Se apartó de la puerta y con la pistola hizo un gesto hacia el corredor que conducía hasta la puerta.
– Vamos -dijo con voz grave-. Acabemos con esto.
Con la pistola bien sujeta bajo la manta, salí del cuarto y empecé a caminar delante de él. Aaron nos esperaba ante la puerta principal. Shlomo estaba fuera. Por el momento, Zvi era el único que tenía la pistola en la mano, lo que significaba que tendría que dispararle a él primero. Había oscurecido, pero Shlomo encendió la luz de fuera para poder ver lo que hacían. Subimos la cuesta hasta los árboles y la fosa que me esperaba. Ya había decidido en qué momento pasar a la acción.

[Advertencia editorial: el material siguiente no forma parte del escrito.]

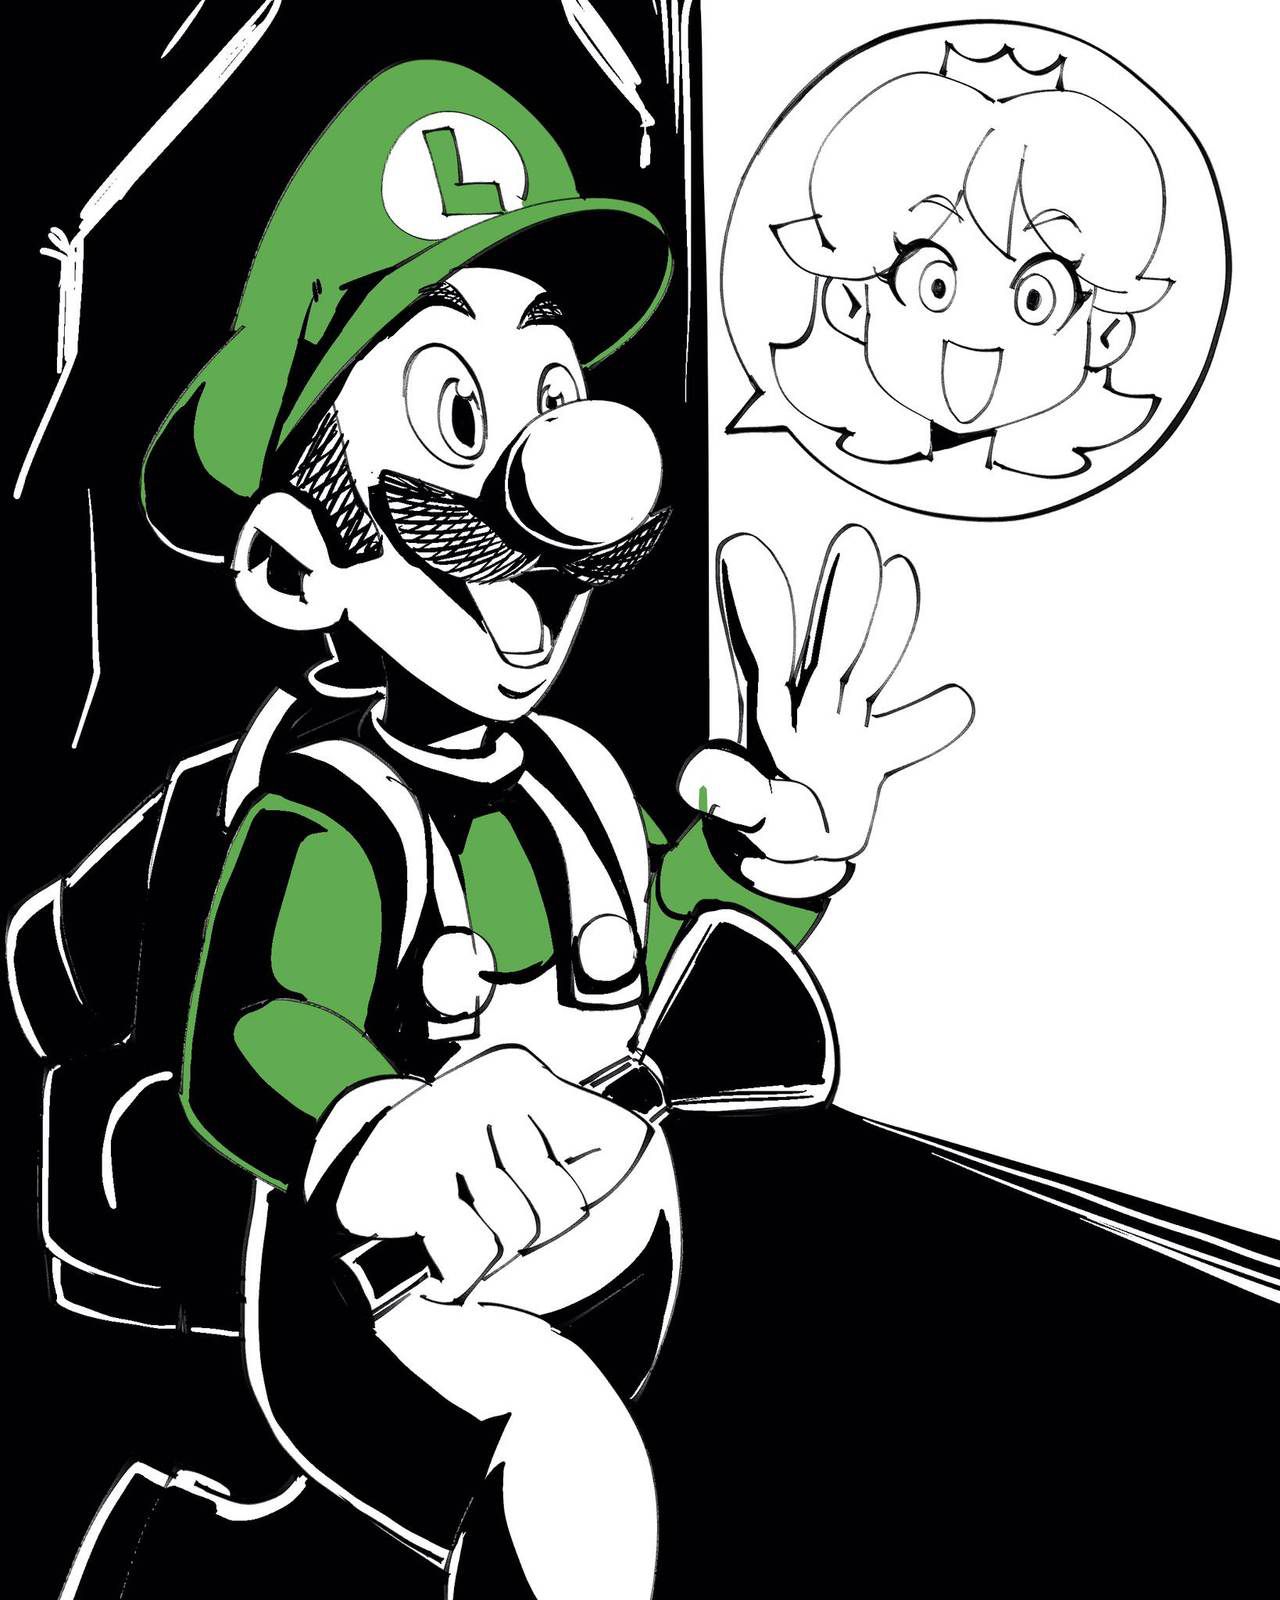 [Nisego] Inktober 2 - Luigi's Mansion (Super Mario Bros.) [Ongoing] 10

– Supongo que ésta es su idea de la justicia poética -dije-. Esta ejecución humillante. -Mi voz denotaba valor, pero tenía un nudo en el estómago-. Para mí esto es ponerse a la altura de los Grupos de Acción Especial.
Esperaba que por lo menos uno de ellos, Aaron tal vez, se sintiera mal consigo mismo y apartara la vista. Primero dispararía a Zvi y luego a Shlomo. Shlomo era el único de los tres al que me apetecía matar. La cabeza me seguía doliendo una barbaridad. Me detuve junto al borde de la fosa y eché una mirada alrededor. Los tres estaban a menos de diez metros de mí, lo que los convertía en un blanco fácil. Llevaba tiempo sin matar a nadie, pero no iba a dudar. En caso necesario, los mataría a los tres.